Vertriebstrends

Tablet: Einsatz im Vertrieb immer beliebter

Übersetzt ins Deutsche bedeutet Tablet Schreibtafel oder Notizblock. Gerecht wird das dem flachen Computer, der spielend in jede Handtasche passt, nicht. Erst vier Jahre ist es her, seit das erste Tablet in großer Stückzahl vom Band lief: Apples iPad. Seitdem hat der handliche PC seinen Siegeszug angetreten. Die Nachfrage nach Tablets boomt, denn die schlanken Computer sind einfach und intuitiv zu bedienen, können überallhin mitgenommen werden und sind in der Verwendung äußerst vielseitig. Laut einer Bitkom-Analyse wird der Tablet-PC von 64 Prozent der Nutzer für das Schreiben und Lesen von E-Mails genutzt, kommt aber auch beim Surfen, Spielen und Online-Shopping, dem Anschauen von Fotos und dem Besuch von Social Media-Profilen zum Einsatz.

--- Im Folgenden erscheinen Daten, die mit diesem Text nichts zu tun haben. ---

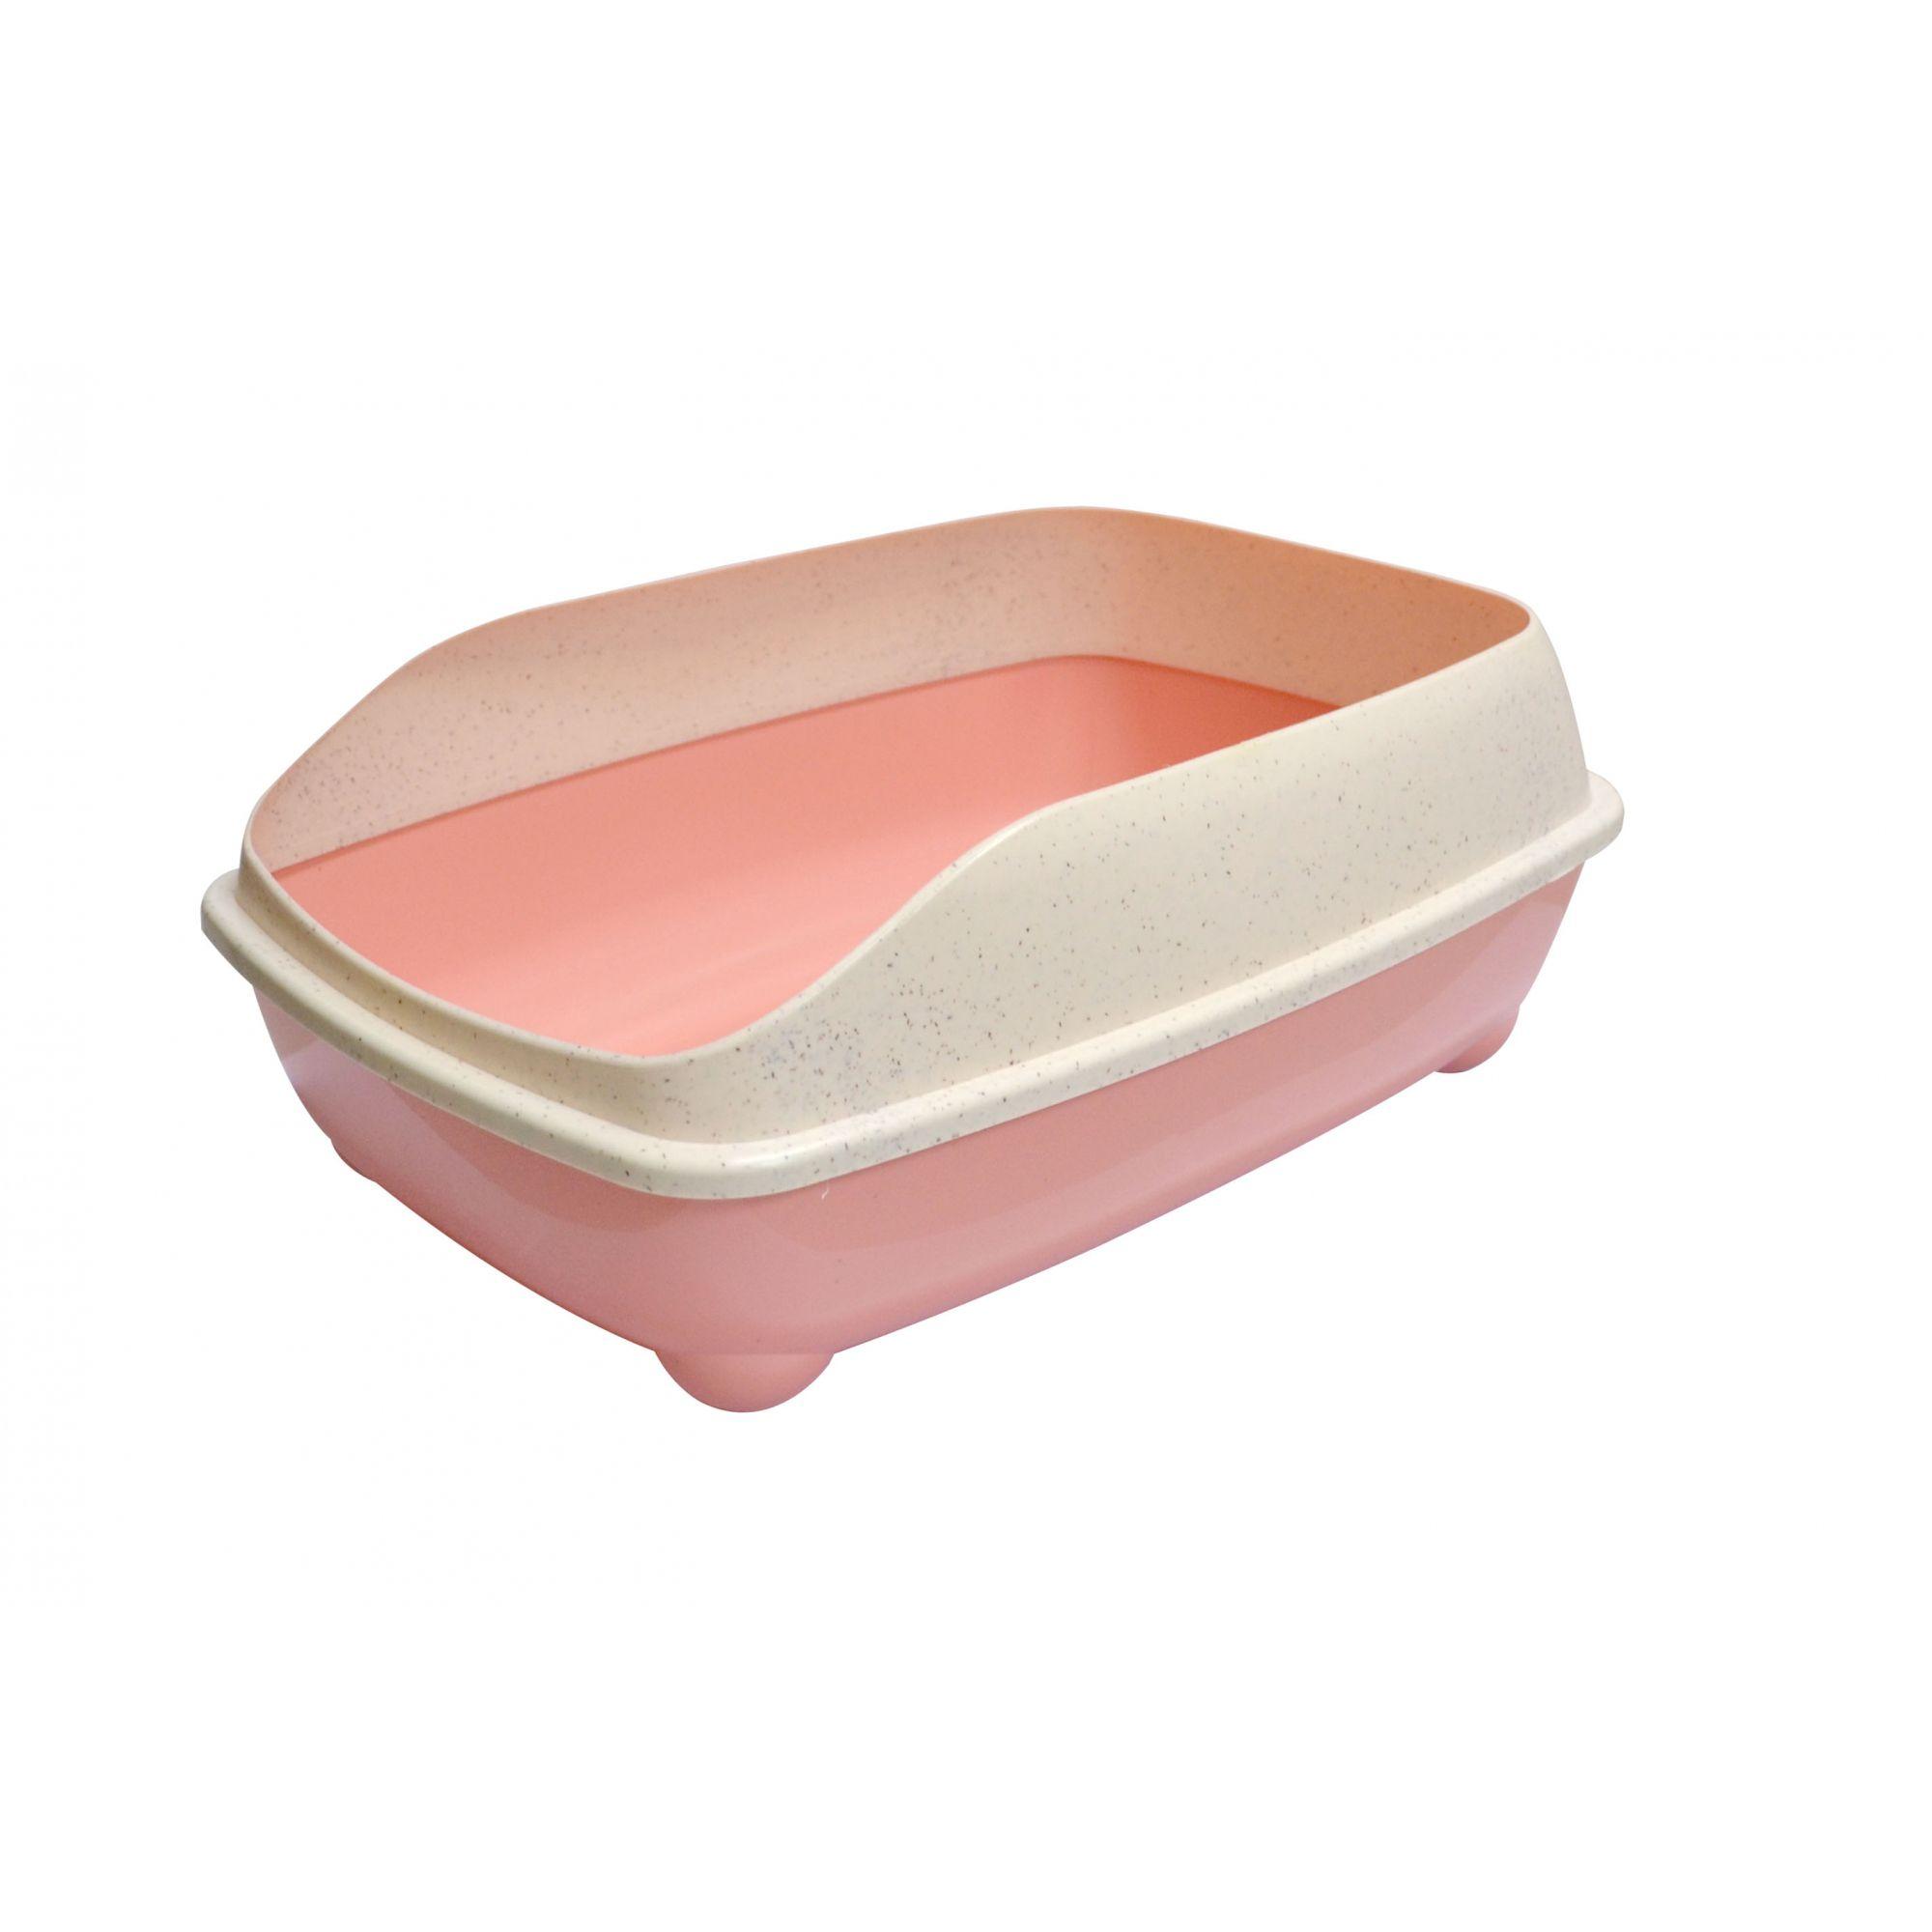 Bandeja sanitária para areia higiênica de gatos com pá coletora - Banheiro sanitário para gato com bordas Pet Flex Rosa Flamingo

Tablet wird immer häufiger in Unternehmen eingesetzt

Aktuelle Entwicklungen zeigen, dass sich der PC aber nicht nur zum privaten Gebrauch eignet, sondern auch im Beruf. Immer mehr Unternehmen entdecken die Vorteile des Tablets im professionellen Umfeld. Vorreiter ist das Softwareunternehmen SAP, das bereits 2010 tausende Mitarbeiter mit den kompakten Geräten ausstattete. Nach und nach ziehen andere Unternehmen nach – nicht nur in der IT-Branche. Auch Wienerberger, ein Unternehmen, das sich auf Dach-, Wand- und Fassadenlösungen spezialisiert hat, stattete seine Außendienstmitarbeiter mit Tablets aus.

Neue Möglichkeiten für den Außendienst

Und genau in diesem Bereich könnten sich Tablets bald schon als unersetzlich erweisen. Insbesondere im Außendienst bietet der mobile Computer zahlreiche Möglichkeiten hinsichtlich Produktinformation und –präsentation.

Da die Handhabung komfortabler ist als die vieler (veralteter) Laptops, ist die Arbeit mit einem Tablet vor allem eines: Zeitsparend. Diese Geräte fahren zügig hoch und die Steuerung per Touchscreen stellt schnell alle wichtigen Funktionen bereit. Daten, egal, ob es sich dabei um Kunden-, Produkt- oder Prozessdaten handelt, werden zügig erfasst und auch Kundengespräche können direkt dokumentiert und an CRM-Prozesse angebunden werden.

Tablet-Präsentationen werden als innovativ wahrgenommen

Somit bietet der handliche PC Vorteile sowohl im Pre-, als auch im Bereich Aftersales. Während Kundenangebote und Kalkulationen leicht erstellt und abgerufen werden können, gibt es noch während des Kundengesprächs die Möglichkeit, häufig angeführte Punkte nochmals anzuzeigen. Der Dialog mit dem Kunden kann so zielgerichtet und effektiv gestaltet werden, so dass beide Seiten profitieren. Für all jene, die in ihrem beruflichen Alltag sehr viel schreiben müssen, kann jedoch ein Laptop die bessere Alternative darstellen, da das Schreiben mit dem Tablet sehr viel Fingerspitzengefühl erfordert.

Vor allem in puncto Präsentation hat das Tablet mit interaktiven Elementen und professionellen, attraktiven Gestaltungsmöglichkeiten viele Vorteile. Das wirkt auch auf den Kunden innovativ und professionell. Zudem können alle relevanten Informationen zeitnah und unkompliziert übertragen oder kommuniziert werden. Eine sinnvolle Ergänzung sind dabei nicht zuletzt Apps, etwa für das Anzeigen von Präsentationen, das Abspeichern von Visitenkarten oder zum Eintragen von Business-Terminen.